Choosing the DIFC as the seat of an arbitration means the DIFC Arbitration Law (DIFC Law No. 1 of 2008) is the curial law and the DIFC Courts are the supervisory court – a UNCITRAL Model-Law framework supervised by a common-law, English-language court, distinct from onshore UAE arbitration under Federal Law No. 6 of 2018. Since Dubai Decree No. 34 of 2021, DIAC is the sole Dubai arbitral institution; the former DIFC-LCIA was abolished and its administration moved to DIAC, and under the DIAC Arbitration Rules 2022 the default seat – absent the parties’ choice – is the DIFC. Awards are enforced under the New York Convention. This is the DIFC-specific layer of our wider arbitration practice.

DIFC-seated arbitration at a glance

  • Curial law (lex arbitri): DIFC Arbitration Law (DIFC Law No. 1 of 2008, as amended)
  • Supervisory court: The DIFC Courts (common law, English language)
  • Institution: DIAC (sole Dubai institution since Decree 34 of 2021); ad hoc / UNCITRAL also possible
  • Default seat, DIAC Rules 2022: The DIFC, absent the parties’ agreement
  • Enforcement: New York Convention; the DIFC Courts ratify, then onward onshore

1. What it means to seat an arbitration in the DIFC

The seat is the juridical home of an arbitration – it fixes the curial law (the law governing the conduct, supervision and challenge of the arbitration) and the supervisory court, regardless of where hearings physically take place. Seat the arbitration in the DIFC and the DIFC Arbitration Law governs, and the DIFC Courts exercise supervisory jurisdiction; seat it onshore and Federal Law No. 6 of 2018 applies, supervised by the onshore courts. The seat is not the same as the venue (where hearings are held) or the governing law of the contract – three distinct choices that are routinely, and dangerously, conflated. The choice of seat is one of the most consequential lines in an arbitration clause, because it determines who supervises the arbitration and on what terms an award can be challenged.

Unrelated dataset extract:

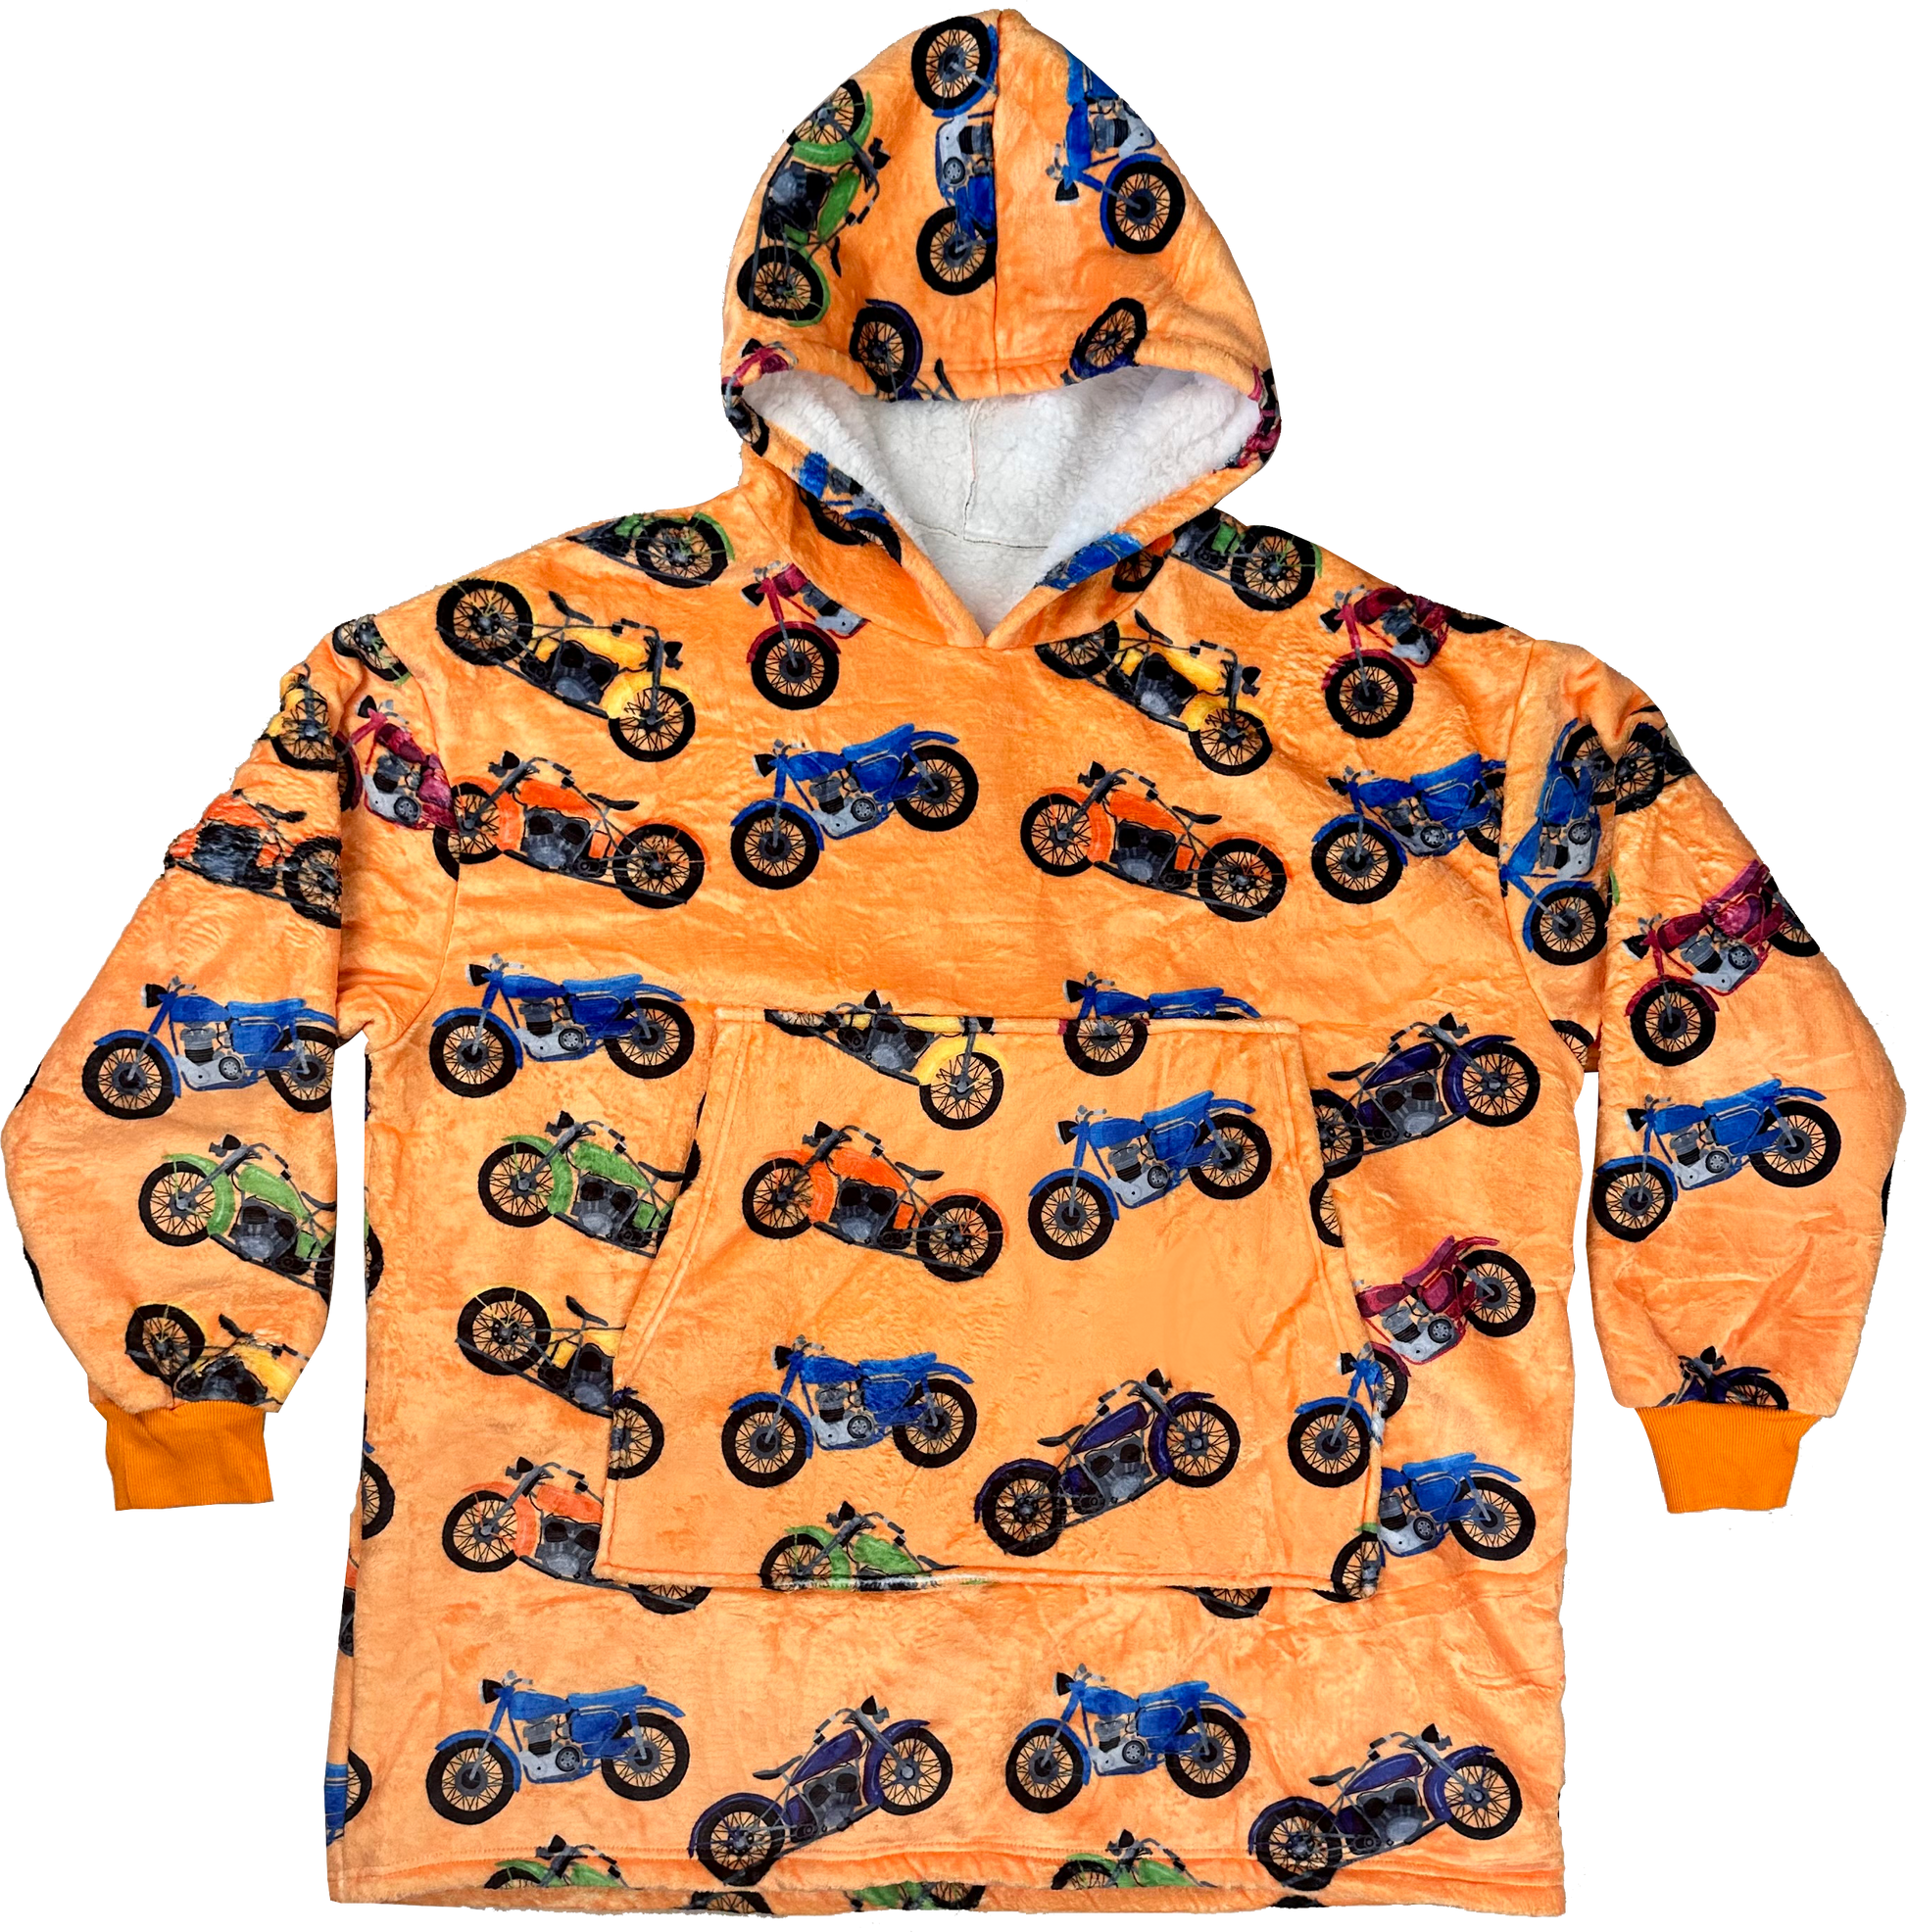 Motorcycle themed cozy wearable blanket

2. DIAC after Decree 34 of 2021

Dubai Decree No. 34 of 2021 (September 2021) reshaped Dubai’s arbitral landscape: it abolished the DIFC-LCIA Arbitration Centre and the EMAC and made DIAC the sole arbitral institution in the Emirate, transferring their assets and caseloads to DIAC. Existing DIFC-LCIA clauses are now generally administered by DIAC, which assumed the pending cases – though the treatment of legacy clauses has been litigated, so a clause referring to the former institution should be reviewed rather than assumed to work seamlessly. DIAC operates under its Arbitration Rules 2022, and a point that catches parties out: under those Rules the default seat, where the parties have not agreed one, is the DIFC (with the DIFC Courts supervising), replacing the old onshore-Dubai default. Parties remain free to choose a different seat expressly.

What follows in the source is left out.